3.1 REAÇÃO AO MOVIMENTO ABOLICIONISTA
(SILVA, 2018), diz que quanto ao quadro de crescimento do movimento abolicionista, houve uma reação de grupos conservadores que tinha como objetivo frear as transformações sociais e econômicas que eram defendidas pelo movimento abolicionista. Essa reação conservadora reforça o perfil elitista de grande parte das classes políticas do final do século XIX, que tinham como grande interesse a manutenção do status quo (termo usado para referir-se ao estado atual das coisas). Em destaque as reações conservadoras aponta-se a Lei Saraiva, aprovada em 9 de janeiro de 1881. Essa lei realizou transformações consideráveis no sistema eleitoral brasileiro e contribuiu para excluir o direito ao voto de muitos. A eleição no Brasil deixou de ser indireta e tornou-se direta, mas a renda mínima anual exigida para se ter direito ao voto aumentou de 100 mil-réis para 200 mil-réis. Duas exigências que a Lei Saraiva impunha eram a pessoa comprovar a sua renda e assinar o documento de alistamento eleitoral. Caso a pessoa não assinasse esse documento, ela não poderia votar, e isso eliminava automaticamente todos os analfabetos, uma vez que estes não poderiam assinar o documento. Assim, essa lei atingia, especificamente, as camadas pobres compostas, em grande parte, por libertos e por negros livres (em decorrência da Lei do Ventre Livre) e, por meio de mecanismos legais, criava dificuldades para que esses grupos tivessem direito ao voto.
LEI AUREA (1888)
Os abolicionistas cresciam em número, o movimento se agigantava no país, mas o golpe de misericórdia veio mesmo dos próprios escravos que, com o auxílio dos abolicionistas, começaram a abandonar as fazendas causando o caos no trabalho e tornando a situação insustentável. O desespero tomou conta dos escravistas que em vão tentaram incluir o exército no combate às fugas e rebeliões. A saída era única: a abolição.
Em 13 de maio de 1888 a Princesa Isabel, regente na ausência de D. Pedro II, promulgou a lei que com simplicidade aboliu a escravidão no país.
	
 
Referências Bibliográficas: 
ANDRADE, Ana Luíza Mello Santiago de. Abolição da escravidão pela Inglaterra. Info Escola. 2010.
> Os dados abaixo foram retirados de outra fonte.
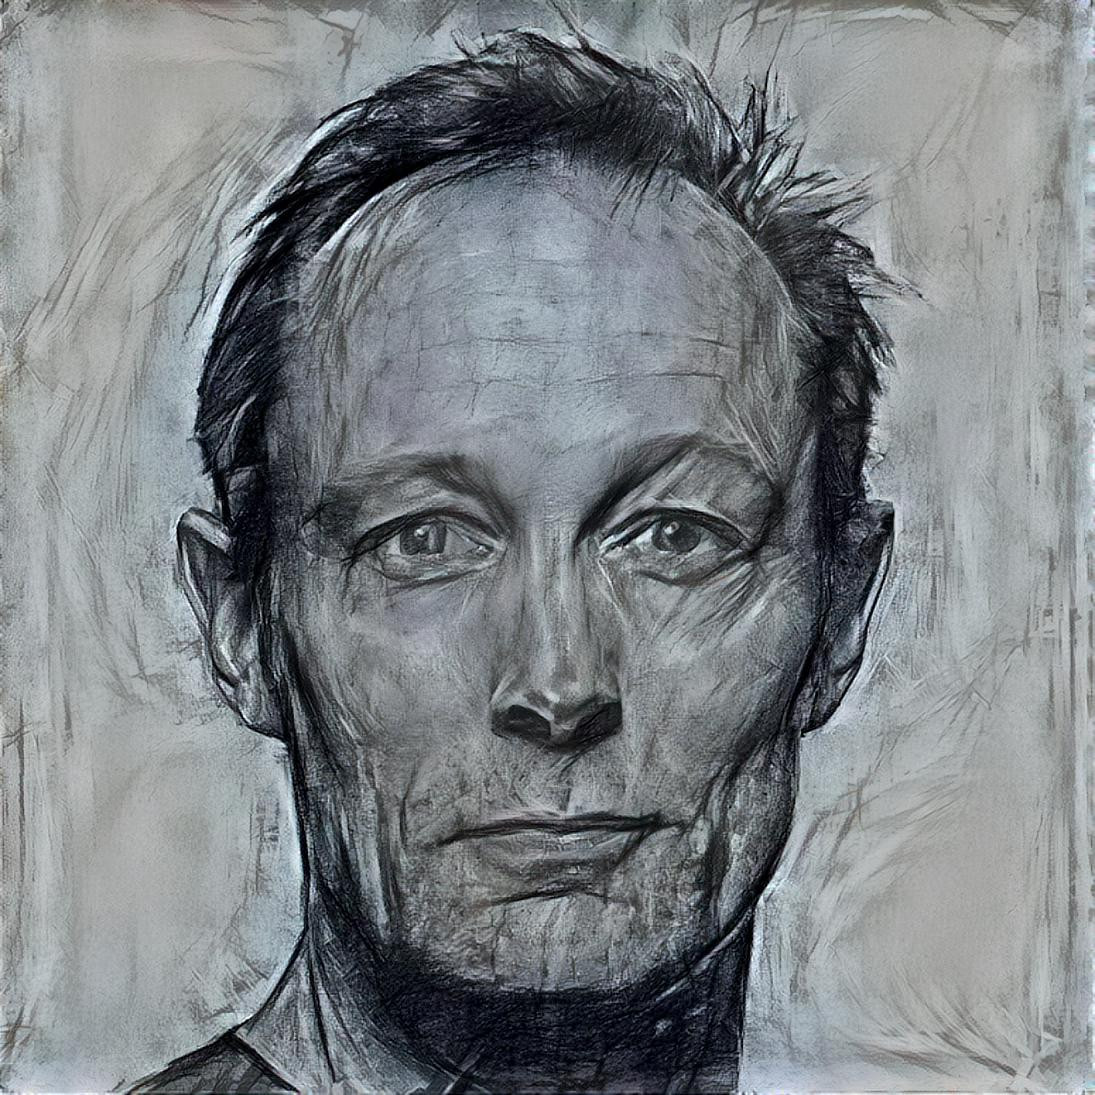 Portrait of Lars Mikkelsen

Disponível em: https://www.infoescola.com/historia/abolicao-da-escravidao-pela-inglaterra/
Acessado em: 04.09.2019 
CHALHOUB, Sidney. Visões da liberdade: uma história das últimas décadas da escravidão na corte. São Paulo: Companhia das Letras, 1990.
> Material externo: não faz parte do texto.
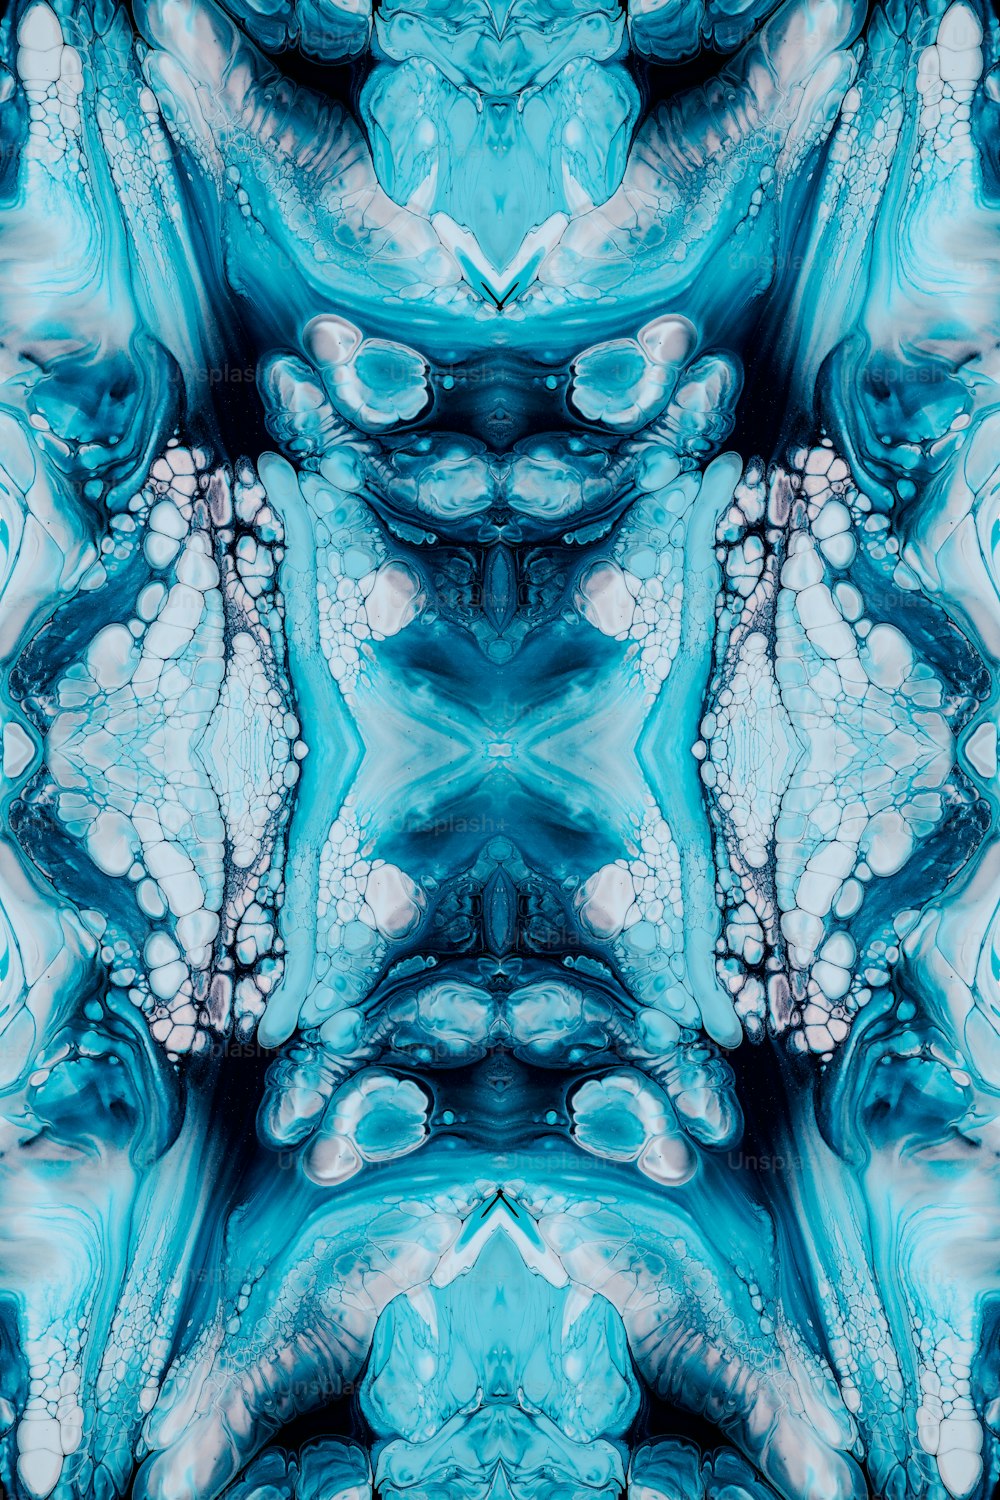 Un patrón azul y blanco con una gran cantidad de burbujas

CASTRO, Flávia Lage de. História do Direito Geral e do Brasil. Capítulo XV “BRASIL IMPÉRIO”. ; 8. ed. Rio de Janeiro: Lumen Juris Editora, 2010. 
COSTA, Emilia Viotti da. A abolição. 4. ed. São Paulo: Global, 1988. Da senzala à colônia. São Paulo: Brasiliense, [19 —].
QUEIROZ, Suely R. Reis de. A abolição da escravidão. 5. ed. São Paulo: Brasiliense,
[198-].
SILVA,Daniel Neves. Leis abolicionistas. Brasil Escola. 2018. 
Disponível em: https://brasilescola.uol.com.br/historiab/leis-abolicionistas
Acesso em: 04.09.2019.
SOUZA, Rainer Gonçalves. Lei de Terras de 1850. Brasil Escola.